Смерть от истощения носительницы амулета не являлась целью. Скорее уж наоборот, она должна быть жива и здорова, — говоря, асраи хмурился больше, и это все сильнее не нравилось деспоту, пробуждая дурные предчувствия.
— А что же тогда? — раздраженный неуместными сейчас многозначительными паузами Алево спросил он.
— Думаю, основная магия амулета была направлена на снятие твоей Печати бесплодия, мой архонт, — мрачнее некуда произнес Алево, и внутренности Грегордиана словно моментально обратились в жуткую кашу из режущих все вокруг ледяных осколков. — Женщина, надевшая его, должна была понести от тебя. Вот почему эта богиня, или кто она там, говорила о появлении чудовищ.
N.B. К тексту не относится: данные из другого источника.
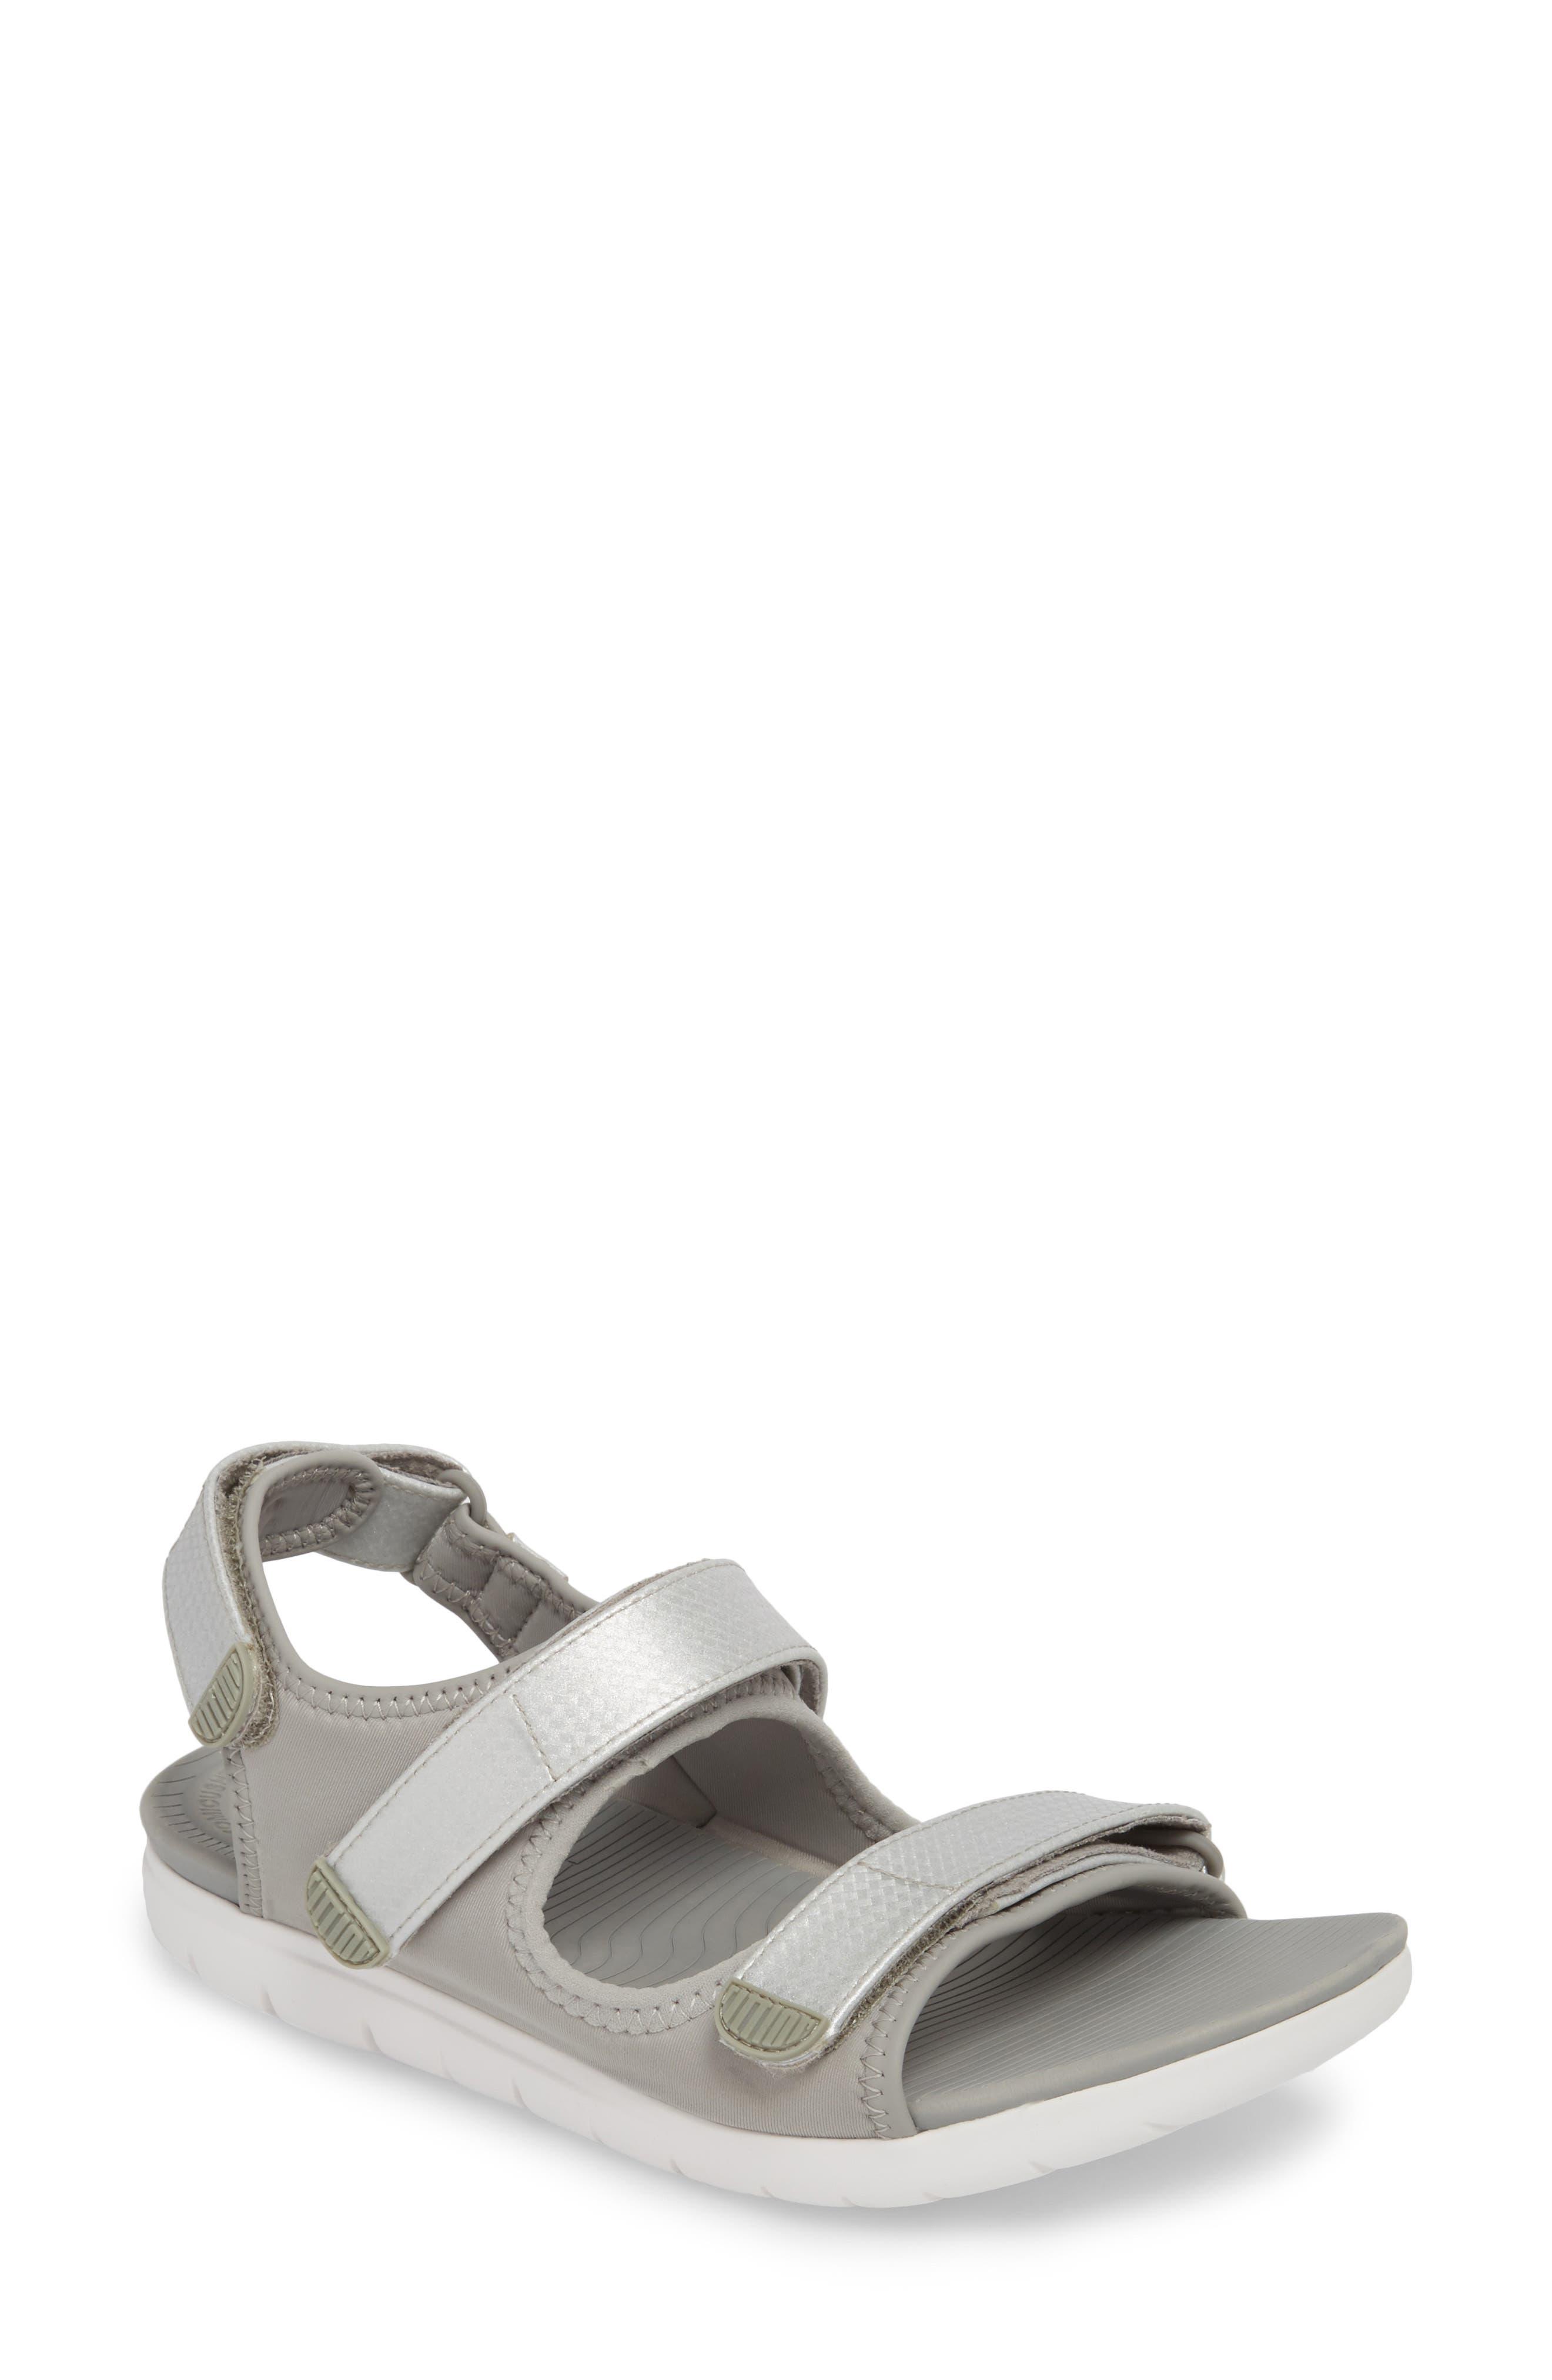 Fitfflop Neoflex(TM) Back Strap Sandal, Grey

На долю секунды Грегордиан испытал страх. Настоящий, тот самый, который изжил в себе еще когда-то в далеком детстве. И боялся он реакции Эдны, когда до нее дойдет весь смысл сказанного Алево. А мысль о том, что ему следует сделать, если догадка асраи окажется верной, заставила содрогнуться и стиснуть зубы до хруста. Он весь напрягся, изготавливаясь к любой буре, что могла разыграться в его прежней обители прямо сейчас. Но однако же его фаворитка откинулась спиной на стену, устраиваясь поудобнее и только наморщила свой гладкий лоб.
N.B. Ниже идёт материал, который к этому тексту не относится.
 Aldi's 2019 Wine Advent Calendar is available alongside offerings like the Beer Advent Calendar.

— То есть ты, асраи, пытаешься сказать, что целью этих… хм… злоумышленников была моя беременность от Грегордиана? — совершенно спокойно спросила она.
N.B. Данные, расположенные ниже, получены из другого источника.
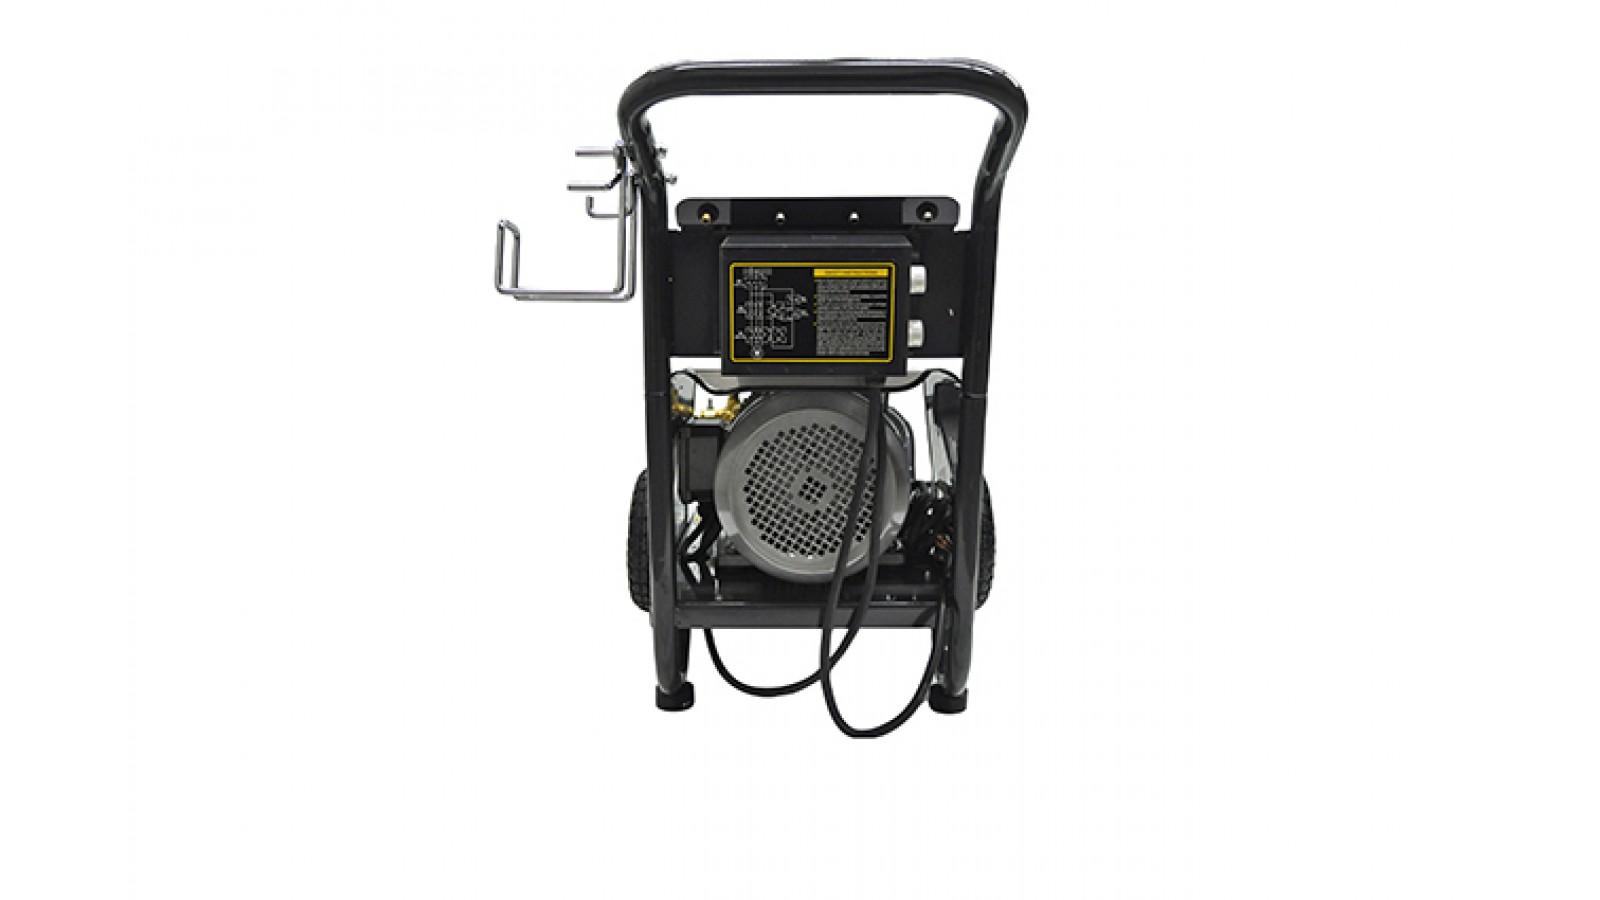 Idropulitrice alta pressione da 248bar

— Не обязательно твоя, Эдна. Любой женщины, не являющейся нареченной невестой архонта, которой удалось бы добраться до его постели, — кивнул Алево.
— Добраться до постели, говоришь, — удовольствие от явных ревнивых ноток и расчленяющего взгляда Эдны, адресованного асраи, сумело пробиться даже сквозь сплошную стену беспокойства деспота. — Ну, тогда они серьезно облажались.
— Что ты имеешь в виду? — Грегордиан все же положил руку на затылок женщины, мягко захватывая ее волосы и успокаивающе проходясь по мышцам шеи ласкающими пальцами на всякий случай.
Но отсутствие напряженности в ее теле ясно показало ему, что Эдна не собирается взрываться или впадать в панику. Она только чуть вскинула подбородок и прищурила глаза, будто что-то взвешивая, а потом торжествующе ухмыльнулась.
— Во-первых, у меня совсем недавно были… эти дни, а значит, вероятность зачатия почти равна нулю. А во-вторых, моя противозачаточная инъекция будет действовать еще недели три как минимум, — заявила она. — Так что никаких пока детей, чудовища они или нет. Облом им по полной программе, если только ваша магия не научилась как-то в мгновение ока устраивать полную гормональную перестройку или еще нечто в этом роде.
— Это слишком несущественные доводы, когда возможные последствия столь серьезны, — упрямо возразил Алево и посмотрел на деспота в ожидании поддержки.
А вот Эдна, напротив, не стала жаться к нему в поисках защиты или стремясь склонить на свою сторону. Она мотнула головой, отталкивая его руку, и вскочила на ноги, удерживая на груди простыню, в которую была завернута.
— Эти несущественные доводы зовутся физиологией, черт возьми! Не знаю, как здесь у вас, но у людей все происходит по вполне себе предсказуемым сценариям! — ткнула она в сторону асраи пальцем. — И поэтому я тебе могу сказать с полной уверенностью, что я не беременна!
Возможно, деспоту стоило сразу вмешаться в этот спор, но он отвлекся, совершенно неожиданно залюбовавшись тем воинственным огнем, что осветил лицо его женщины.
— Но в том-то и дело что ты не человек, дорогуша! — огрызнулся Алево.
— Хватит! — рявкнул деспот, резко поднимаясь на ноги и обхватывая за талию тут же стиснувшую кулаки Эдну.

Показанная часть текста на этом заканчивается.